A picture would help.


----------



## JohnF (Feb 11, 2006)

Goldschmied said:


> Hi Henry,
> 
> I would appreciate any help you could provide and would glorify you in song and legend if you could help me out.


Hi -

First of all, welcome to WUS! I am sure that many here will be fascinated what you can tell them about casing and the like from a jeweler's perspective! Hope we can help you out here as well.

Second: I am going to shamelessly steal that line. One of the better ones around... 

JohnF

PS: We looooooove pictures. Pictures make us smile, enlighten us and allow us to glimpse things far away and never before seen. And that's just watches...;-)


----------



## Goldschmied (Oct 21, 2008)

Sorry about not posting a picture, but I wanted to see what the response would be prior to utilizing band width that could have been better used for pictures of complicated watches, tourbillons, or some other rare and pornographic piece of mechanical genius.

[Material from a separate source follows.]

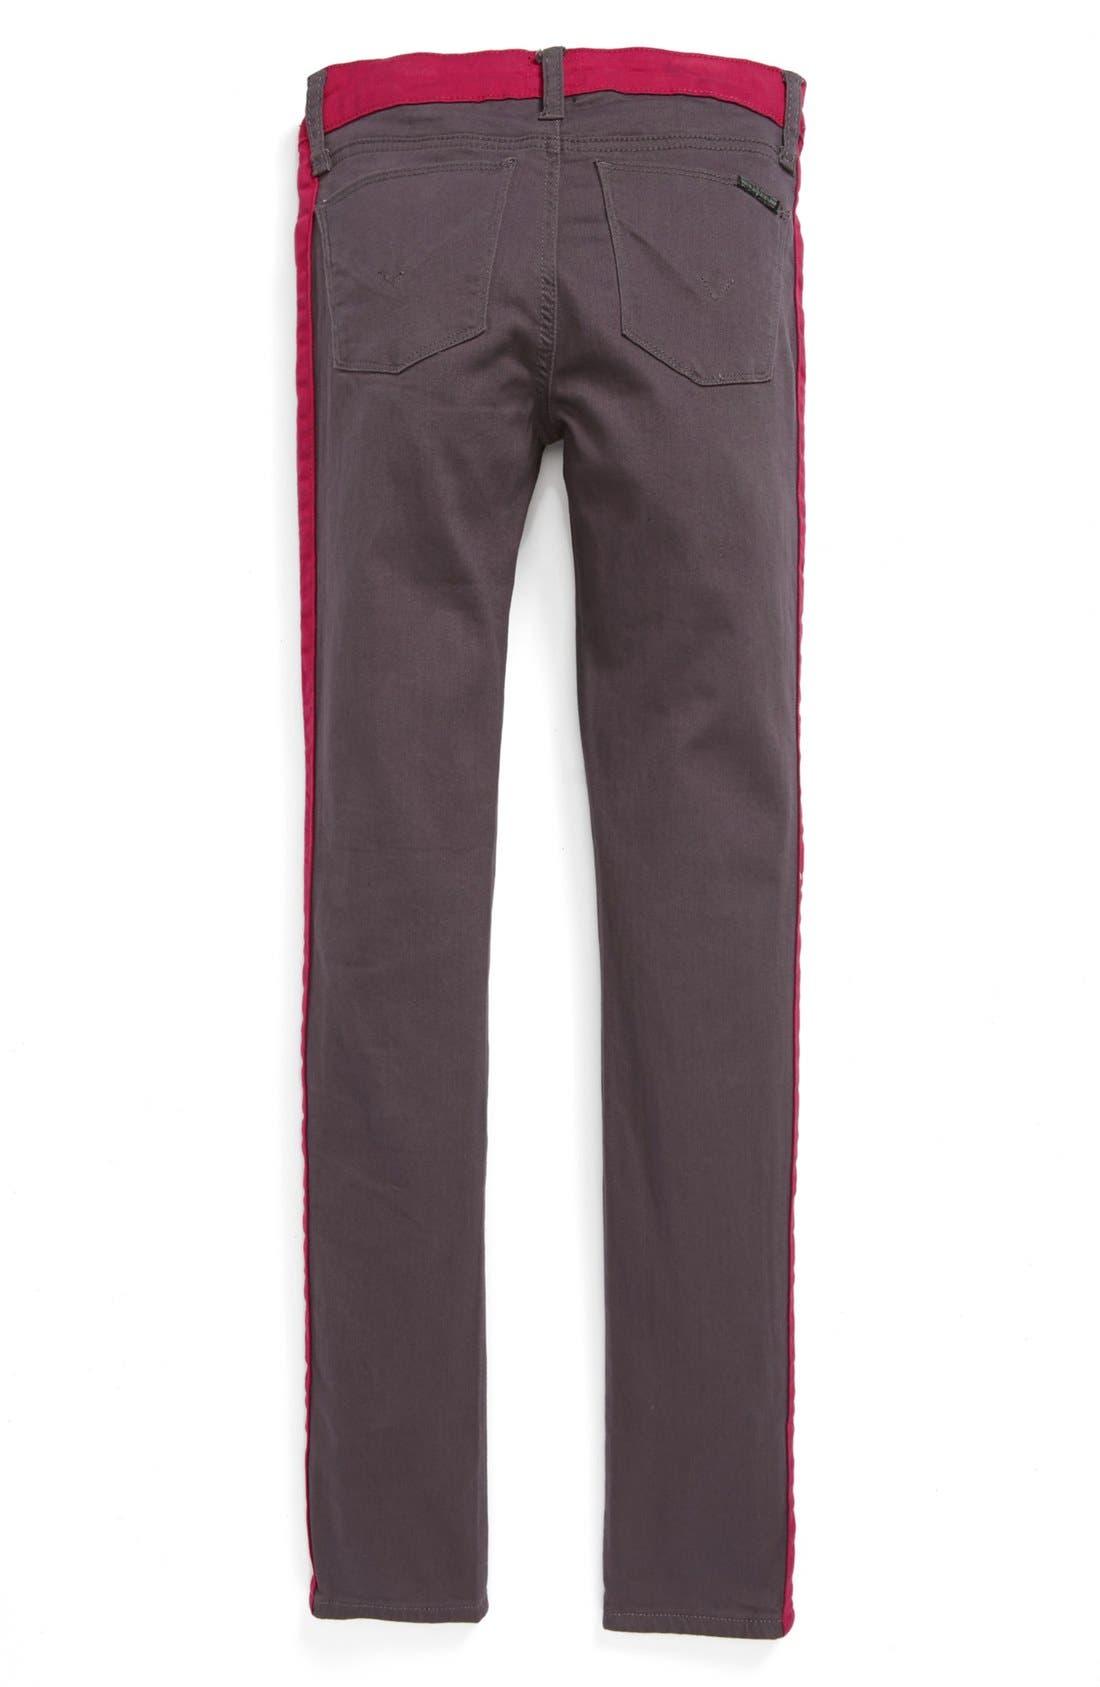 Main Image - Hudson Kids 'Cabbage Floral Leeloo' Skinny Jeans (Big Girls)

I just found that if I'm going to be posting pictures here, I'm going to have to upgrade my digital camera and get some new photo flood lights. Hope the picture is adequate for the purpose.

Always happy to share any knowledge of goldsmithing that will help you. Again, working on cases and bands, particularly karat gold is no problem for me. Making cases is possible, but my experience in Germany taught me that I'd probably need some specialized tools for the necessary tolerances for fitting the movement. One of the shops I worked at put out some cast sterling cases and we'd make use of a large burr in a drill press to get the case to accommodate the movement. On the other hand, I could probably use my Unimat for that purpose if necessary.

Any of you are welcome to use any of my prose for any purpose whatsoever and you don't even have to cite the quotation.

Thanks in advance for any help you can provide. It's a pleasure being in the company of a crew with such an extraordinarily high level of precise mechanical skill.

Neal


----------